In short: it is a “playground” or scaffold for someone who wants to explore how to build more complex, spec-driven multi-agent systems in Python.

Some notable parts:

  • cli.py provides a command-line interface (using Typer) so you can run queries easily.
  • state.py defines a Pydantic class or classes that encode the shared graph state (e.g. what has been retrieved, what context is active).
  • graphs/ & nodes/ contain logic for building the graph: nodes that retrieve, nodes that answer, etc.
  • tools/ has helper utilities, such as loading the markdown files, integrating with OpenAI, and wiring up LangSmith tracing.
  • data/faq/ contains one or more markdown files used as the content base: your agent answers FAQs over these.
  • tests/ holds Pytest tests to validate functionality.
  • The GitHub Actions CI config ensures that on each push, formatting (via Ruff / Black), linting, type-checking (via MyPy), and tests are run.

How to Use It

Here’s how to get started with agent-spec-lab (per README instructions)

Install dependencies

  • python -m venv .venv
  • source .venv/bin/activate
  • pip install -U pip
  • pip install -e .[dev]

Configure environment variables
Copy .env.example to .env and fill in required keys. At a minimum, it expects:

  • OPENAI_API_KEY
  • LANGCHAIN_TRACING_V2 (set to true to enable LangSmith tracing)
  • LANGCHAIN_API_KEY

Develop / extend

  • Add or update your markdown FAQ files in data/faq/.
  • Add more nodes or graph structure in graphs/ / nodes/ to handle more complex workflows or multiple agents.
  • Use the existing tests as templates to ensure new behavior is validated.
  • Monitor the traces via LangSmith to understand how queries traverse nodes.

Continuous integration
The repository’s .github/workflows/ci.yml ensures that every push triggers formatting checks, linting, type checking, and running tests.

What Makes It Interesting / Useful

Here are a few strengths and use cases:

  • Spec-driven architecture
    Rather than ad-hoc chains of prompts, the design encourages building with modular, typed nodes and clearly defined interfaces.
  • Local knowledge base
    Using markdown files means the content is version-controlled, editable, auditable, and easy to maintain.
  • Traceability and observability
    With LangSmith tracing built in, you can inspect how the agent decided on specific nodes or retrievals.
  • Extensibility to multi-agent flows
    Because of the modular graph-based layout, one can expand or branch into more complex orchestration (e.g. having multiple agents collaborate) beyond FAQ answering.
  • Good engineering hygiene
    The inclusion of tests, type-checking, linting, formatting, and CI from the start makes it a healthy scaffold to build on.

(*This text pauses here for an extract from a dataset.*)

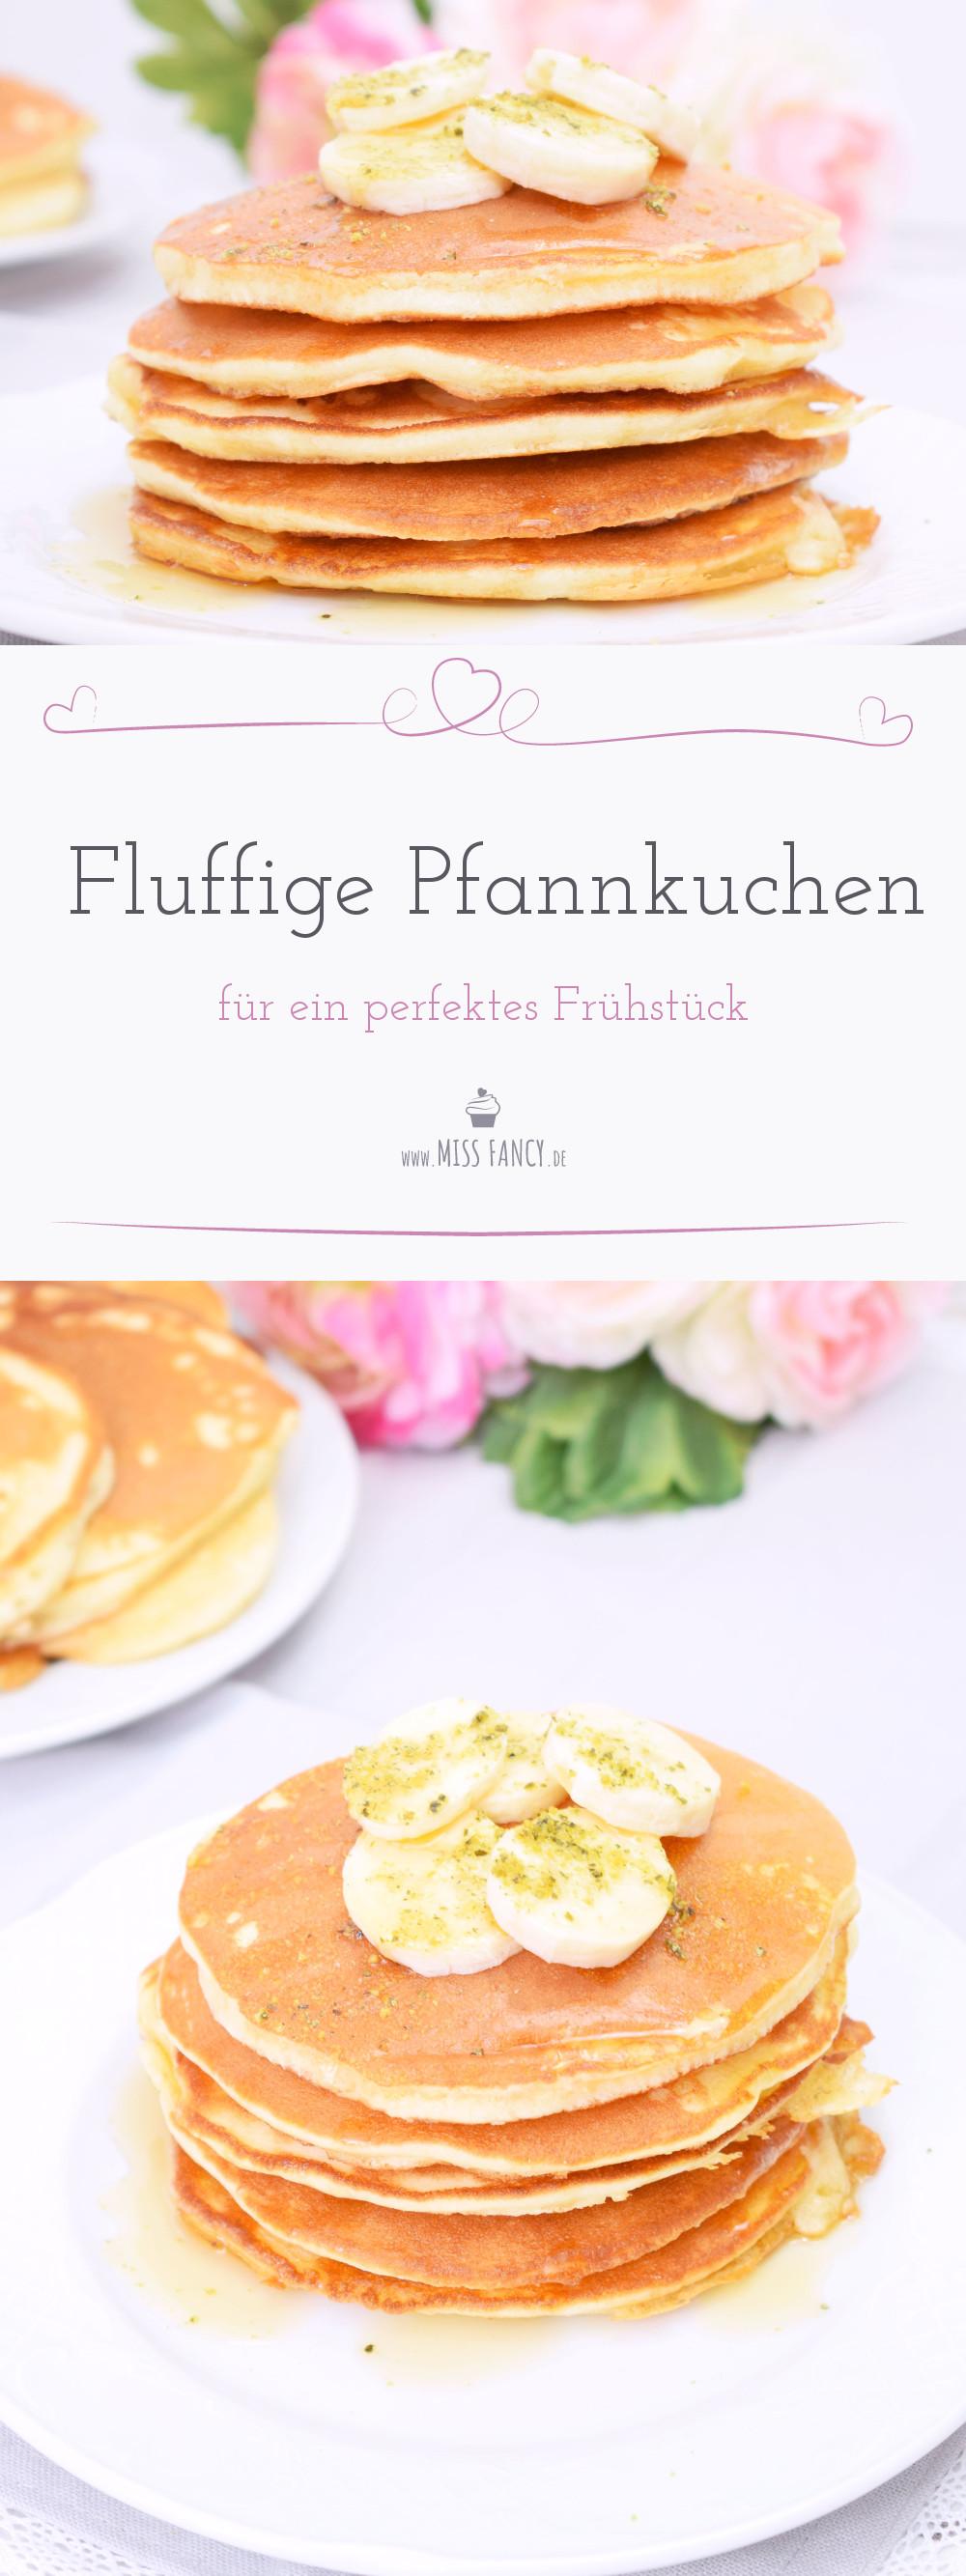 Rezept fluffige Pfannkuchen für das Frühstück Missfancy Foodblog

Limitations & Considerations

While agent-spec-lab is a strong starting point, here are some caveats and things to watch out for:

  • The knowledge base is limited to static markdown files. It doesn’t natively support dynamic sources (e.g. databases, APIs) out of the box.
  • It currently handles FAQ-style queries; more open-ended or generative dialog might require adapting the graph.
  • Costs & rate limits of OpenAI API apply; for heavier usage, one would need error handling, caching, rate limiting, etc.
  • The project is a “playground” rather than a polished production system, so you may need to augment it with robustness, security, and scaling features.

Ideas for Extensions & Experiments

Here are some possible ways you (or readers) might extend this:

  • Replace / augment markdown with other sources (e.g. JSON, SQLite, APIs) and implement nodes to ingest or query them.
  • Add a “summarize” or “context consolidation” node to compress multiple retrieved documents.
  • Branch into multi-agent patterns: e.g. a “planner” agent, a “retriever” agent, and a “writer” agent, all orchestrated in the graph.
  • Add caching layers or embedding index persistence to speed up repeated queries.
  • Build a web UI or server wrapper to serve queries over HTTP rather than via CLI.
  • Add more diagnostics or visualizations around trace paths or node activations via LangSmith.